Kouroussa is a prefecture located in the Kankan Region of Guinea. The capital is Kouroussa. The prefecture covers an area of 14,050 km.² and has a population of 268,630. With Kouroussa town by far the largest in the Prefecture numbering only 10,000, the vast majority of the Prefecture's population live in small rural communities, making their living from subsistence and small scale cash crop agriculture, as well as small scale trade and mining. The majority of the population are members of the Malinke ethnic group or related Mande speakers.

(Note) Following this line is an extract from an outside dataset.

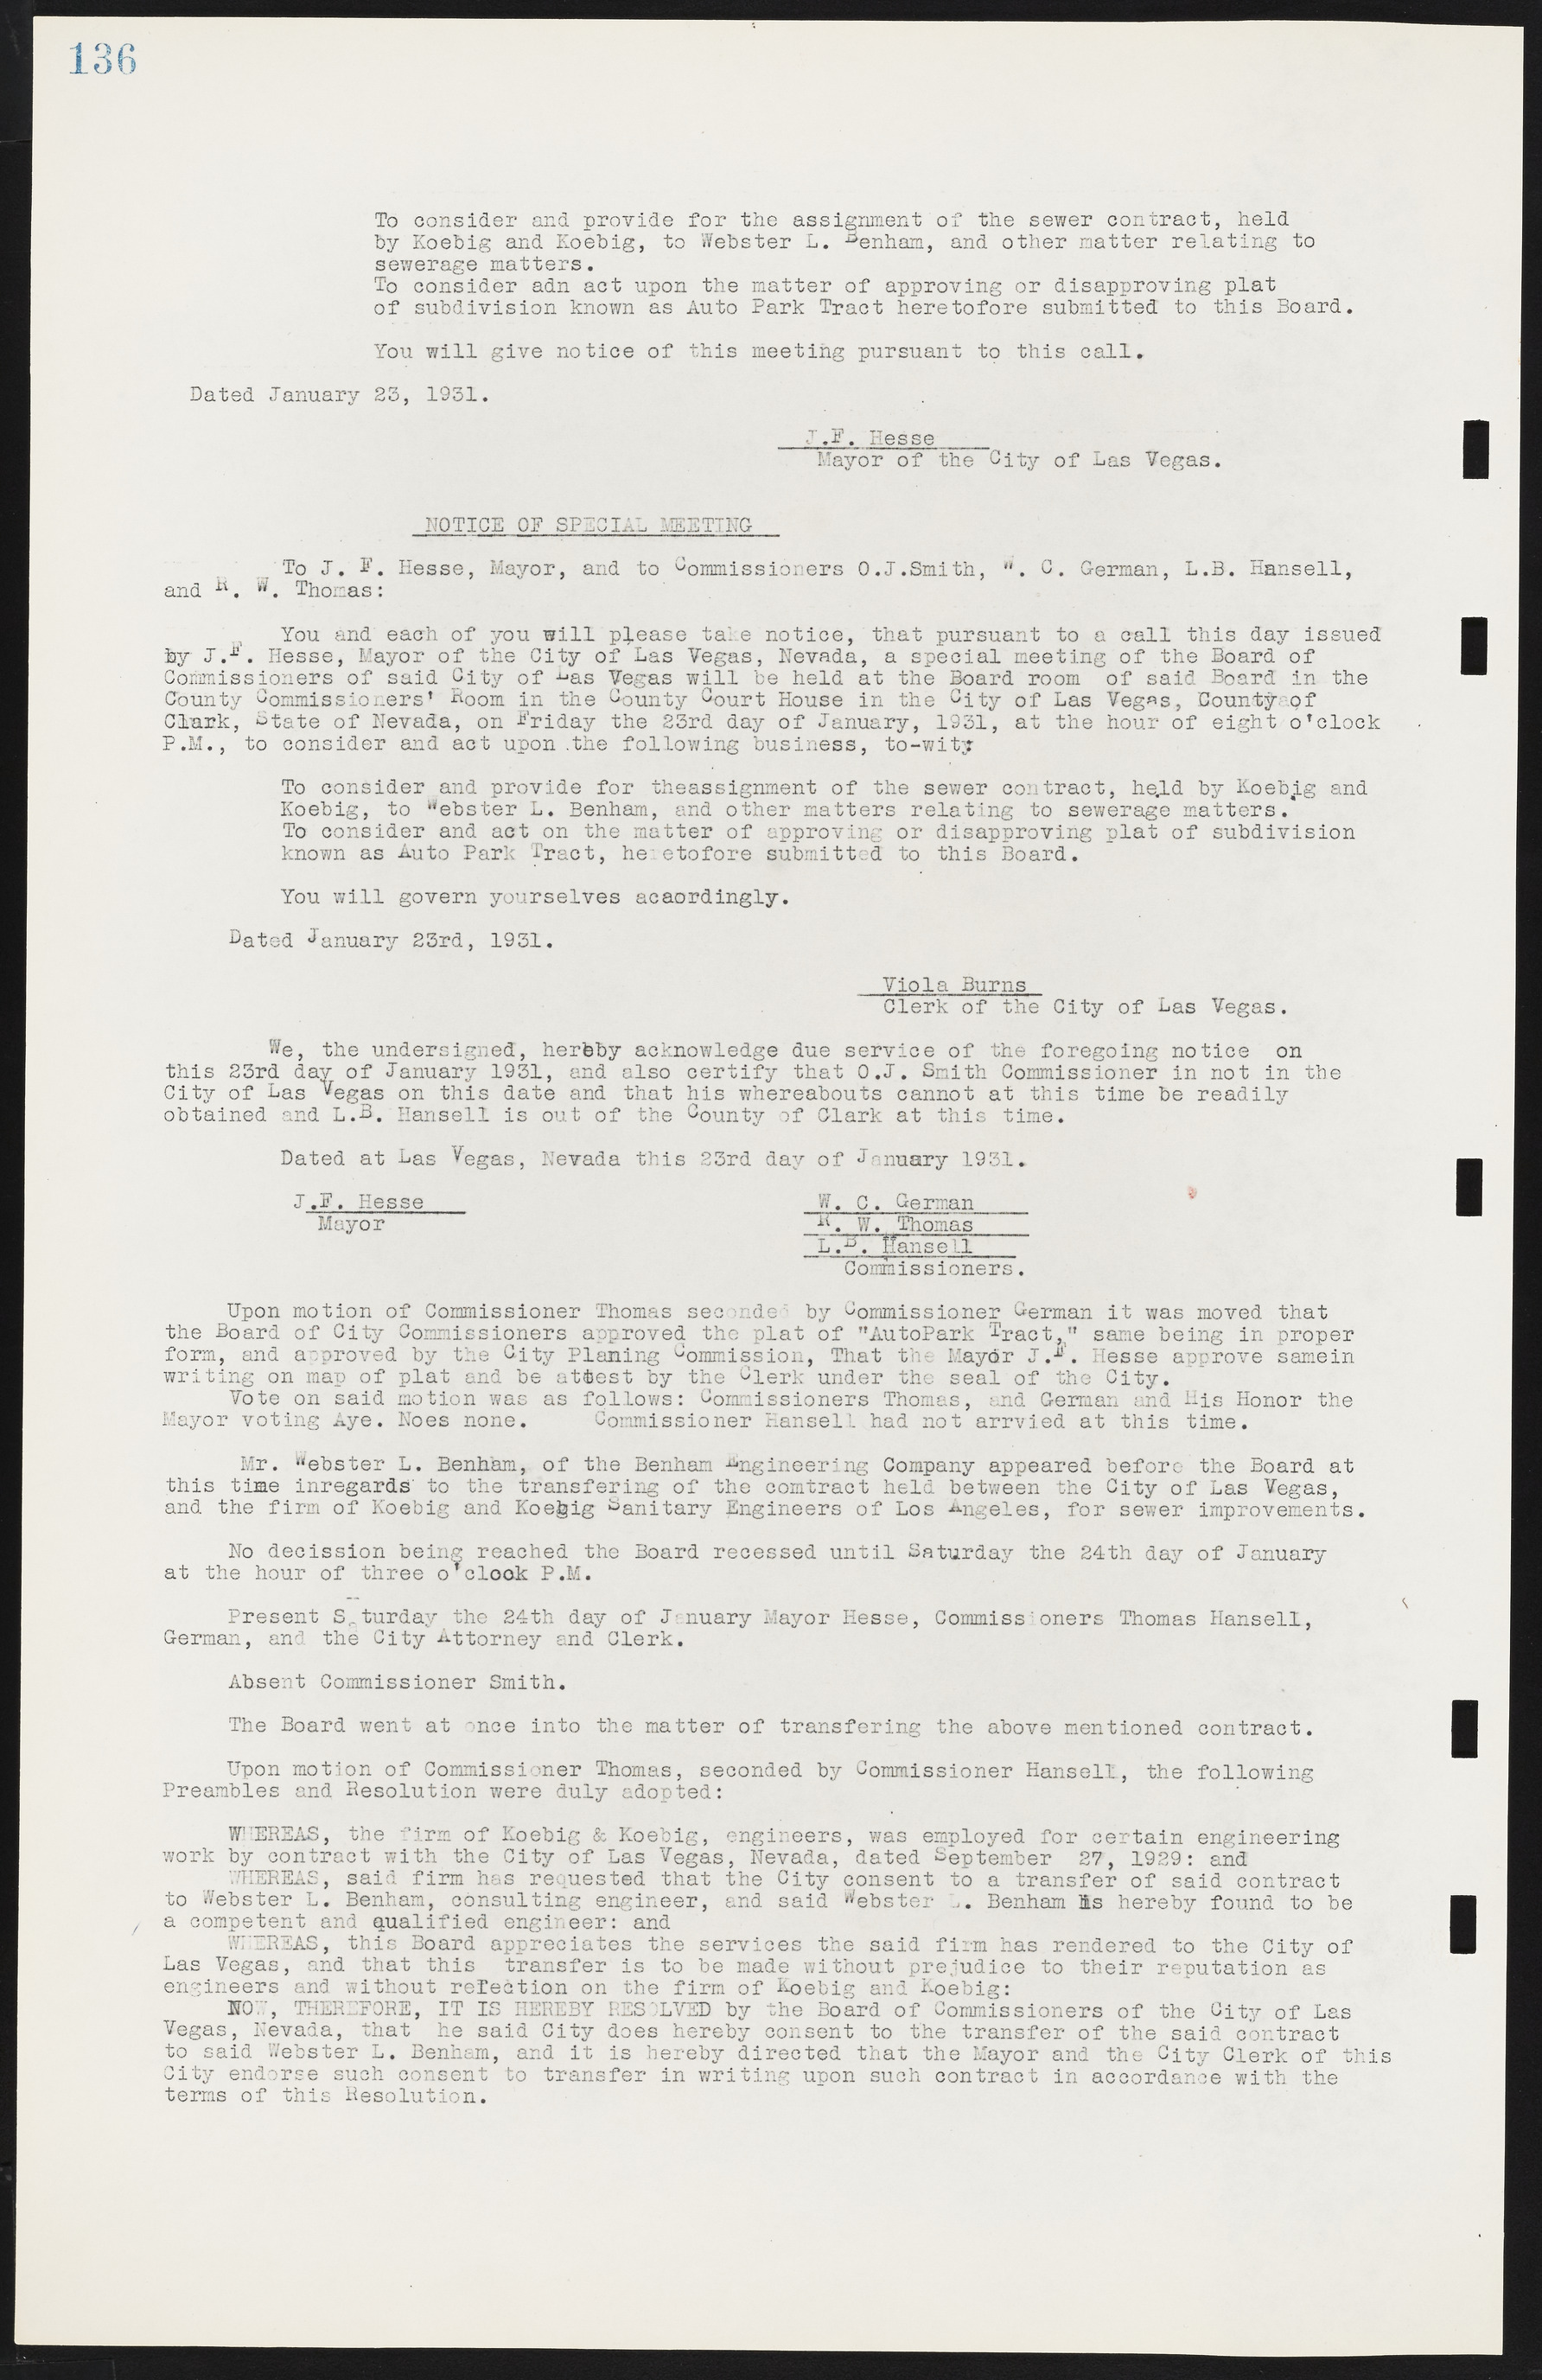 Las Vegas City Commission Minutes, May 14, 1929 to February 11, 1937, lvc000003-142
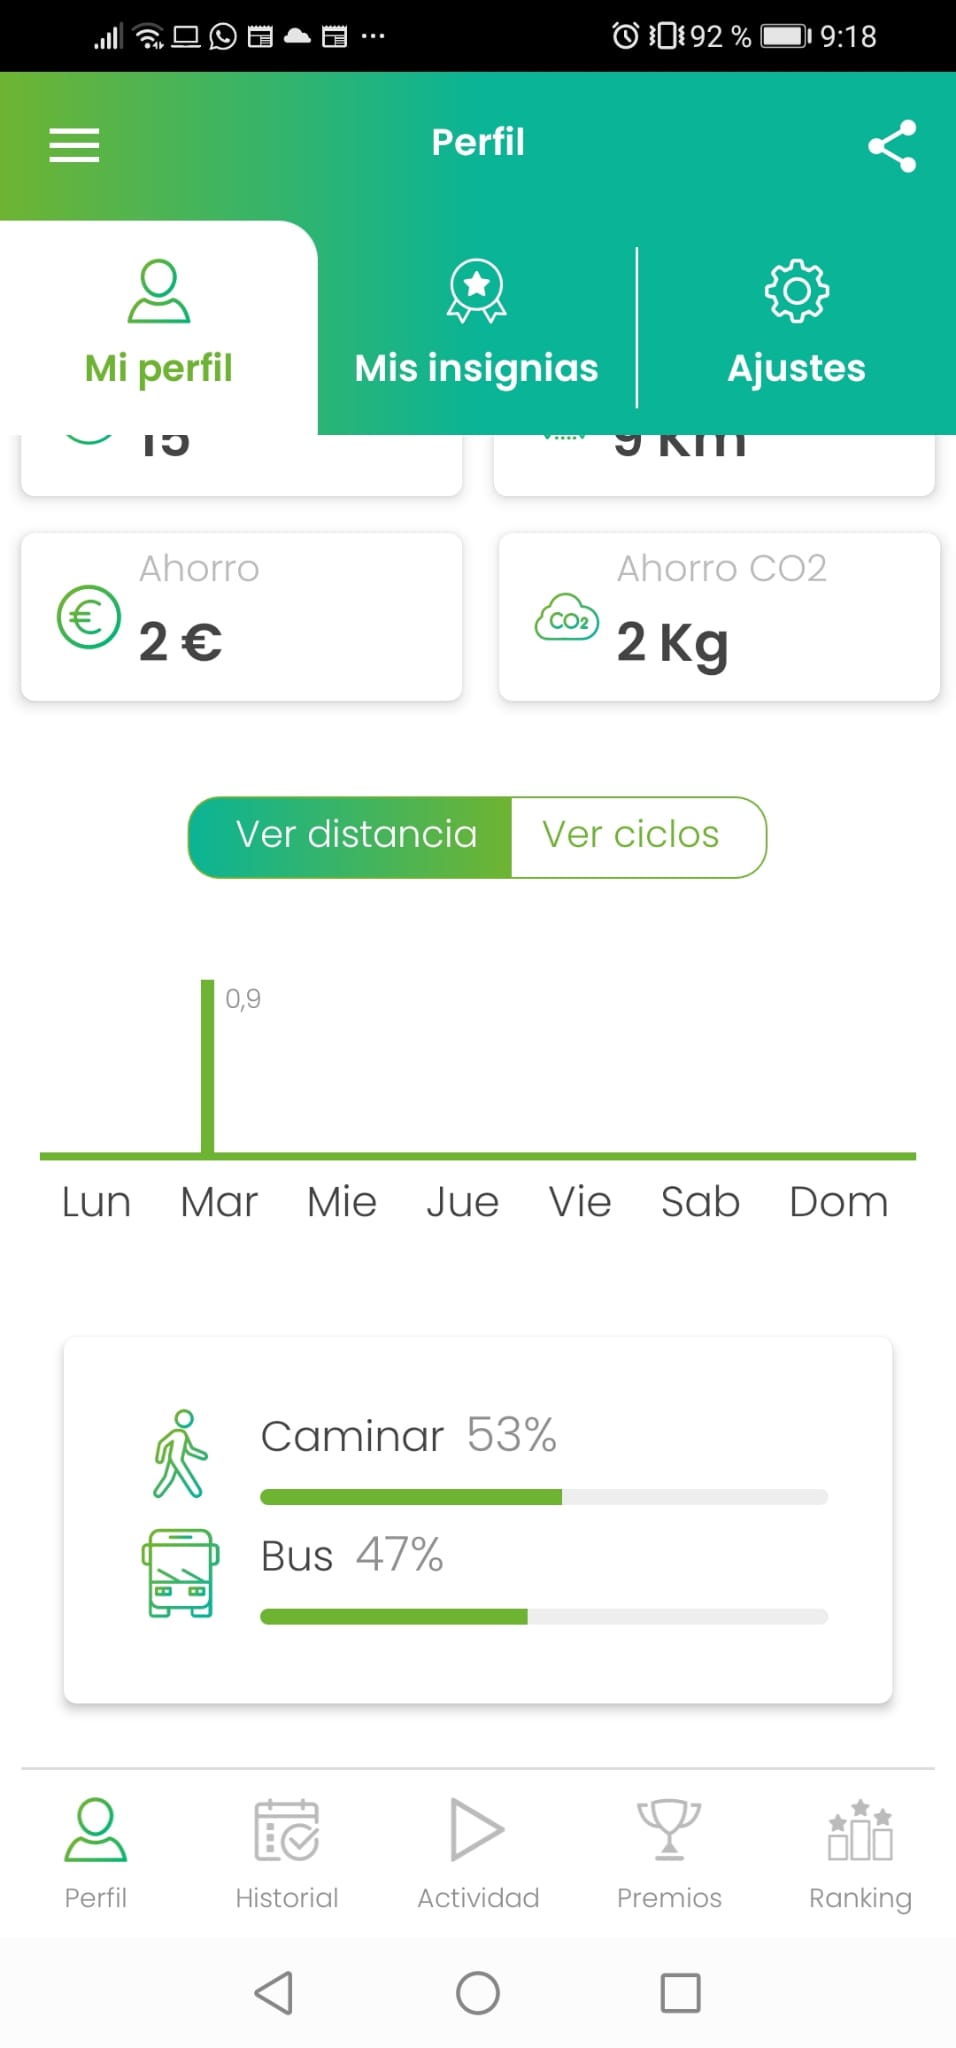 It shows the user's profile with some statistics of the trips.

The eastern portion of the prefecture is formed from the Niger River valley, while most of the area characterized by low rolling hills and dry savanna grasslands or scrub-like forest.

==Culture==

The majority of the prefecture's population comes from the Malinke and Djallonke ethnic groups, who speak related Mande languages and follow the Muslim religion. The Kouroussa area is the centre of the Hamana-Malinke Mande sub-group -- "Hamana" being the historic name for the region, while the Malinke are the major Mande speaking ethnic group of the upper Niger valley. There are also sizable minority communities of Fula and Dyula, the latter traditionally forming trade communities in towns like Kouroussa.

The writer and intellectual Camara Laye (1928–80) grew up in Kouroussa town, and his memoir, The Black Child, is in part about his youth in the town.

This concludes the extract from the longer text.